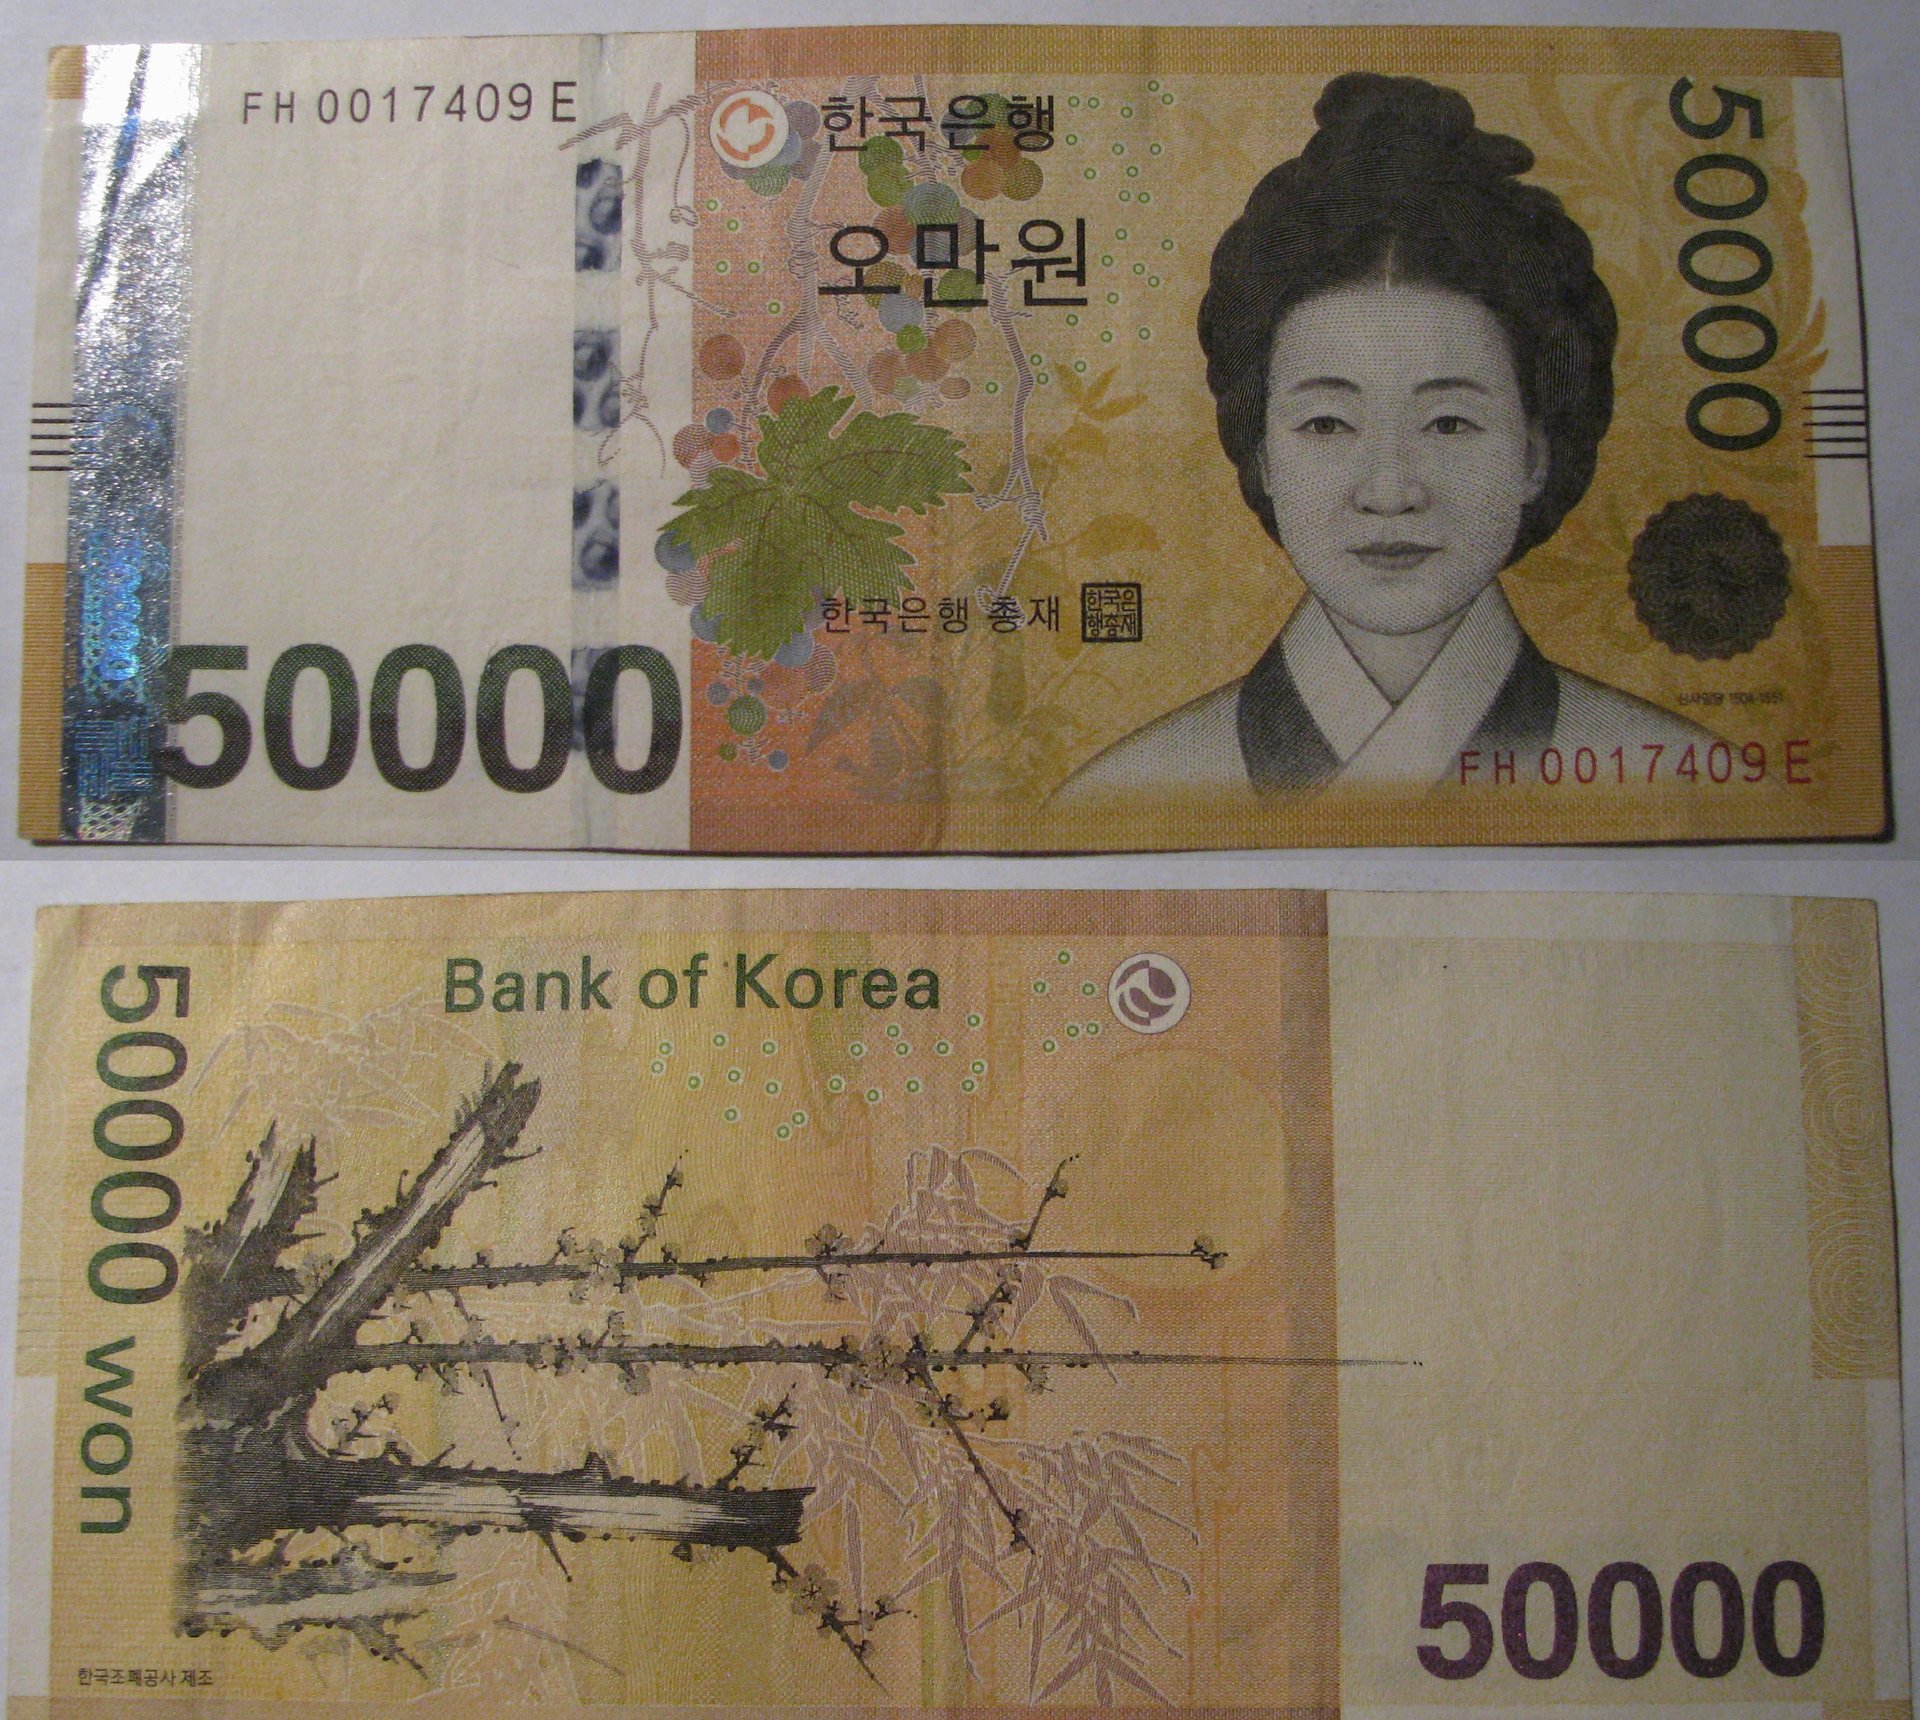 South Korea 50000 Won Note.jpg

--

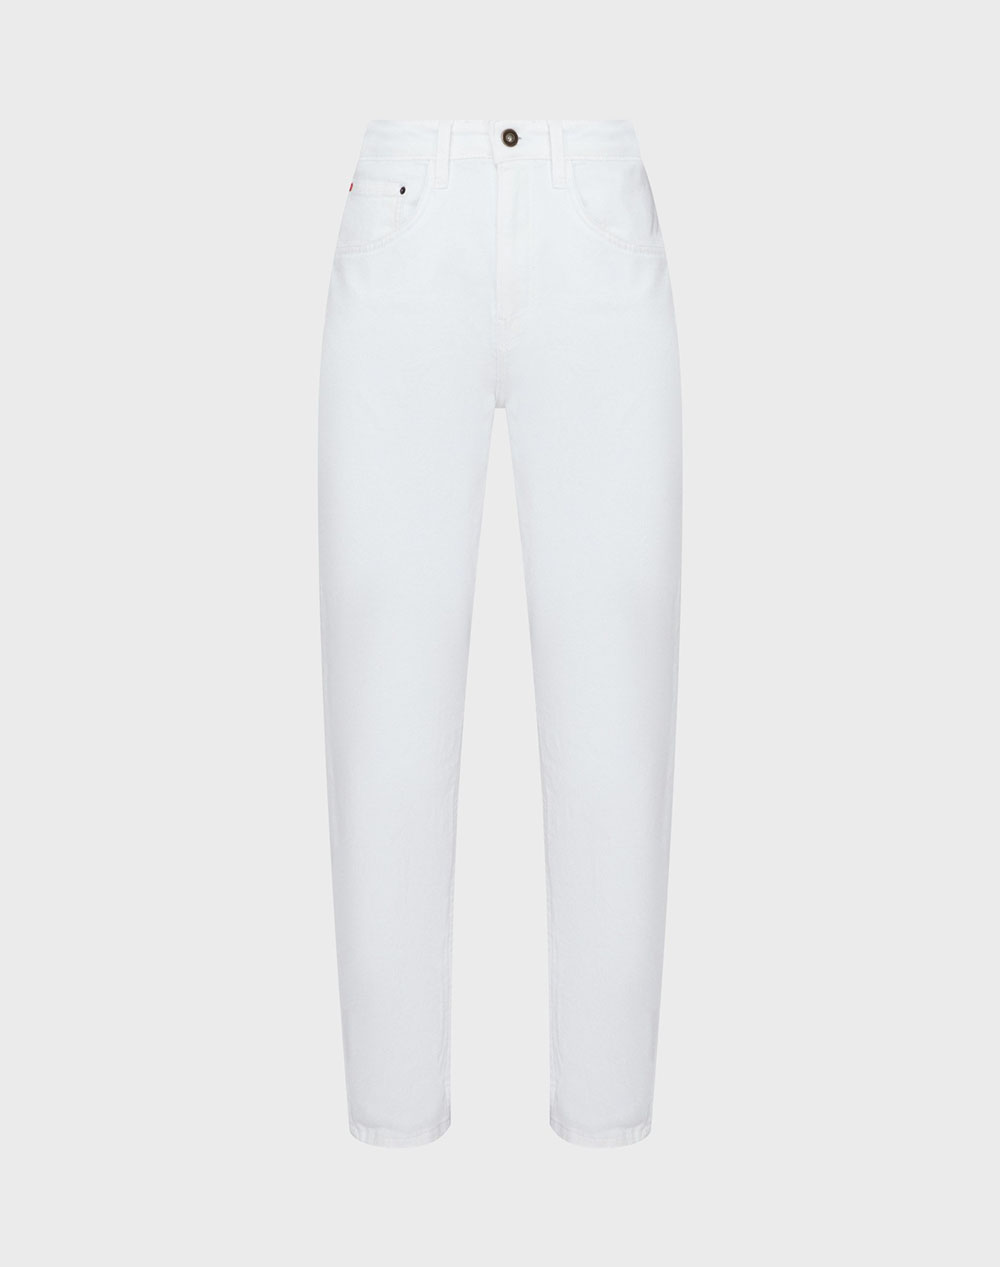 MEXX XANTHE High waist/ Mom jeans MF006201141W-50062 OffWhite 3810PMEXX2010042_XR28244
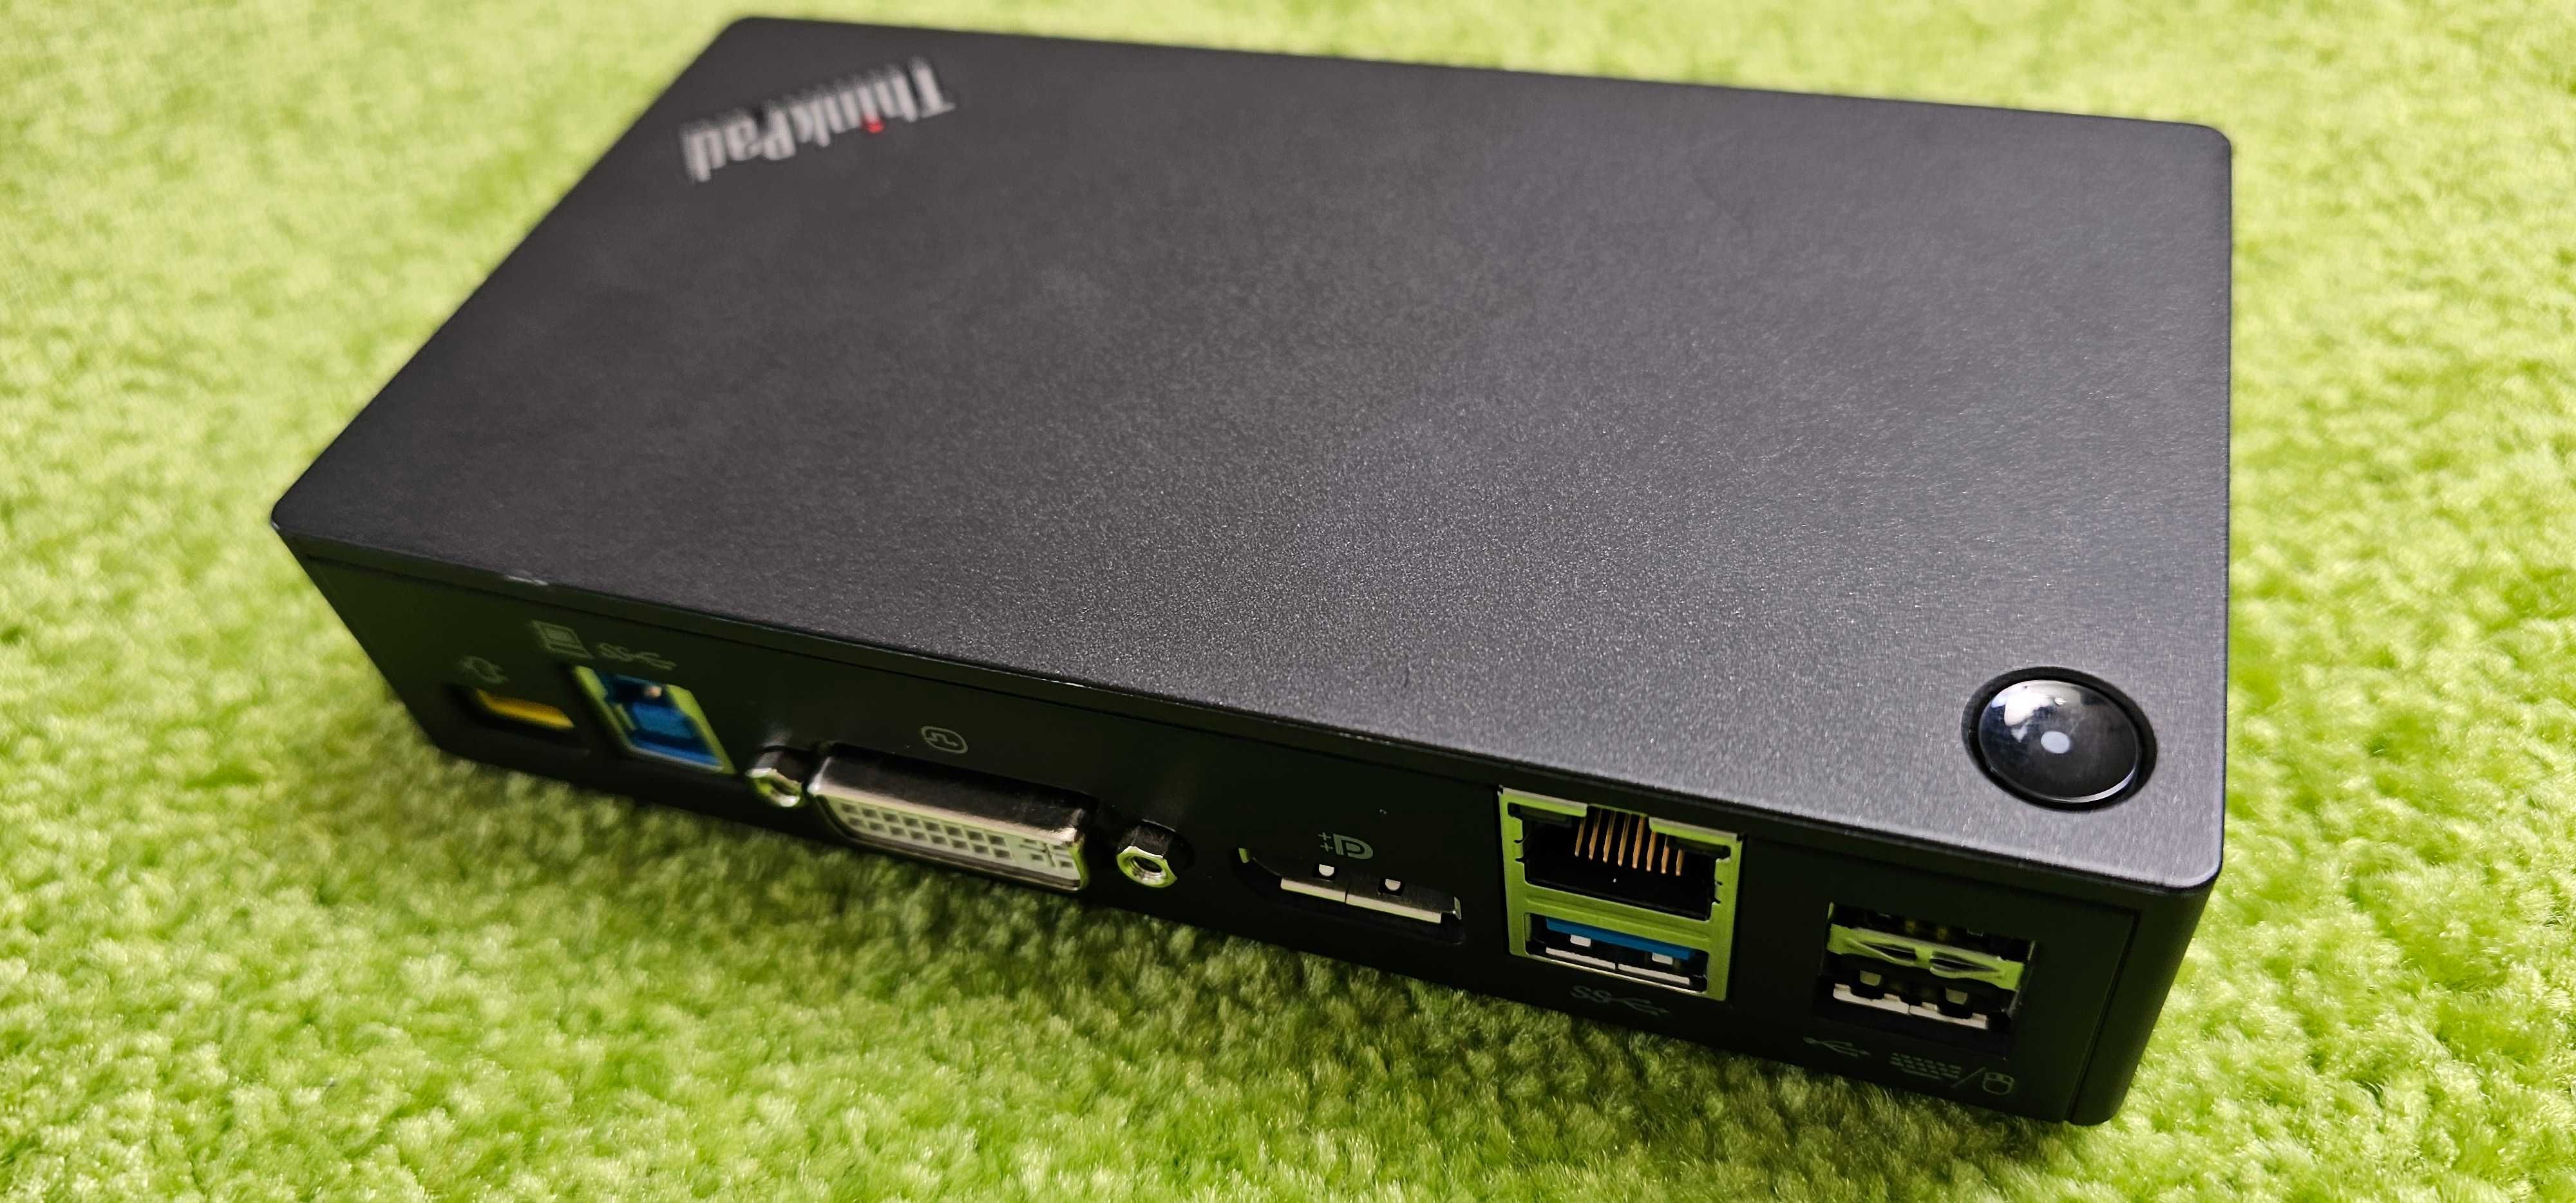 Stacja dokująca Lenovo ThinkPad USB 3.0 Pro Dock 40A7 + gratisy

* [Work to be completed]: Return only the stretch above from the line containing "MEXX XANTHE High" through the line containing "Stacja dokująca Lenovo", word for word and without pictures.

* [Answer section]:
 MEXX XANTHE High waist/ Mom jeans MF006201141W-50062 OffWhite 3810PMEXX2010042_XR28244
 Stacja dokująca Lenovo ThinkPad USB 3.0 Pro Dock 40A7 + gratisy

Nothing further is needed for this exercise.